UPDATE: Threat Response: Vulnerability in Microsoft Windows

07-07-2021

A SAFE DIGITAL JOURNEY

Last Wednesday, June 30, we informed about vulnerabilities in the Print Spooler Service on Microsoft Windows. The vulnerability has now been given a new CVE and patches are available for a limited set of systems.

For the original Threat Response, click here

Description

On June 8 2021, Microsoft released a patch [1] for a vulnerability in the Print Spooler service on Windows. In the threat response of June 30th, we informed you that this patch did not work because a vulnerability still existed in the Print Spooler service. This turned out to be a different vulnerability than the patch was intended for. For this new vulnerability, Microsoft has assigned a new CVE number (CVE-2021-34527) and made an update available for a limited number of Windows versions, including Windows 7[2]. Warning! Updates are not yet available for Windows 10 version 1607, Windows Server 2012, and Windows Server 2016.

What should you do?

Microsoft has addressed the vulnerability in security updates released on July 6 [2]. Northwave strongly recommends installing these as soon as possible. For systems for which no update is available yet, the advice remains to disable the Print Spooler service or disable inbound remote printing via Group Policies until a patch is available. For more details see the Workarounds section on the Microsoft page for CVE-2021-34527 [2].

What will Northwave do?

For Northwave SOC customers using Endpoint Monitoring based on ESET or Defender, Northwave is able to detect exploitation attempts.

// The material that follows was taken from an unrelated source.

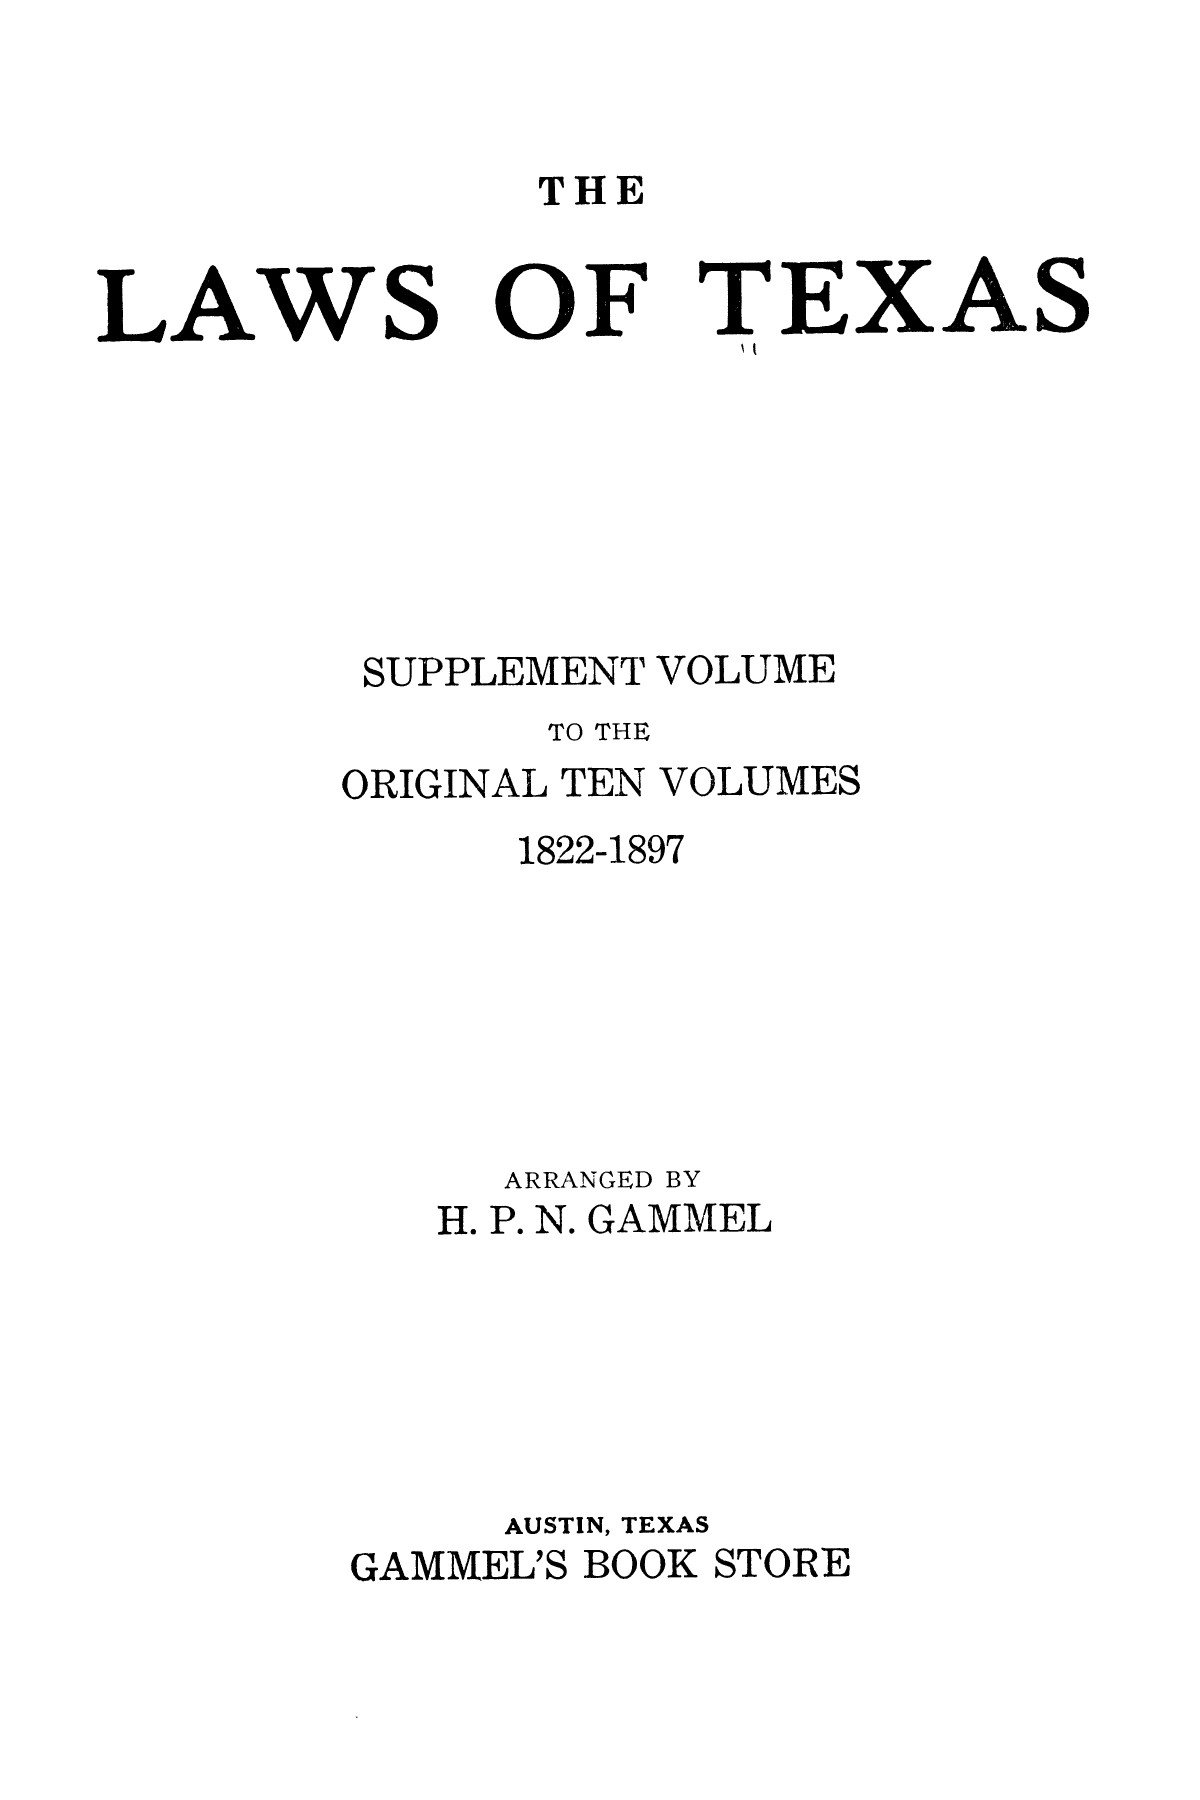 The Laws of Texas, 1931-1933 [Volume 28]
                                                
                                                    [Sequence #]: 1 of 2111

Northwave will monitor any developments regarding this vulnerability. If new critical information about this threat arises we will reach out to you. If you need additional information you can call us by phone or send us an email.

E-mail: [email protected]
Do you have an incident right now? Call our CERT number: +31 (0)85 043 7909 or 0800-1744 (alleen vanuit Nederland)

Disclaimer applies, see below.

Sources

[1]: https://msrc.microsoft.com/update-guide/vulnerability/CVE-2021-1675

[2]: https://msrc.microsoft.com/update-guide/vulnerability/CVE-2021-34527

 

Disclaimer
Northwave has made every effort to make this information accurate and reliable. However, the information provided is without warranty of any kind and its use is at the sole risk of the user. Northwave does not accept any responsibility or liability for the accuracy, content, completeness, legality or reliability of the information provided. We shall not be liable for any loss or damage of whatever nature, direct or indirect, consequential or other, whether arising in contract, tort or otherwise, which may arise as a result of your use of, or inability to use, this information or any additional information provided by us in direct or indirect relation to the information provided here.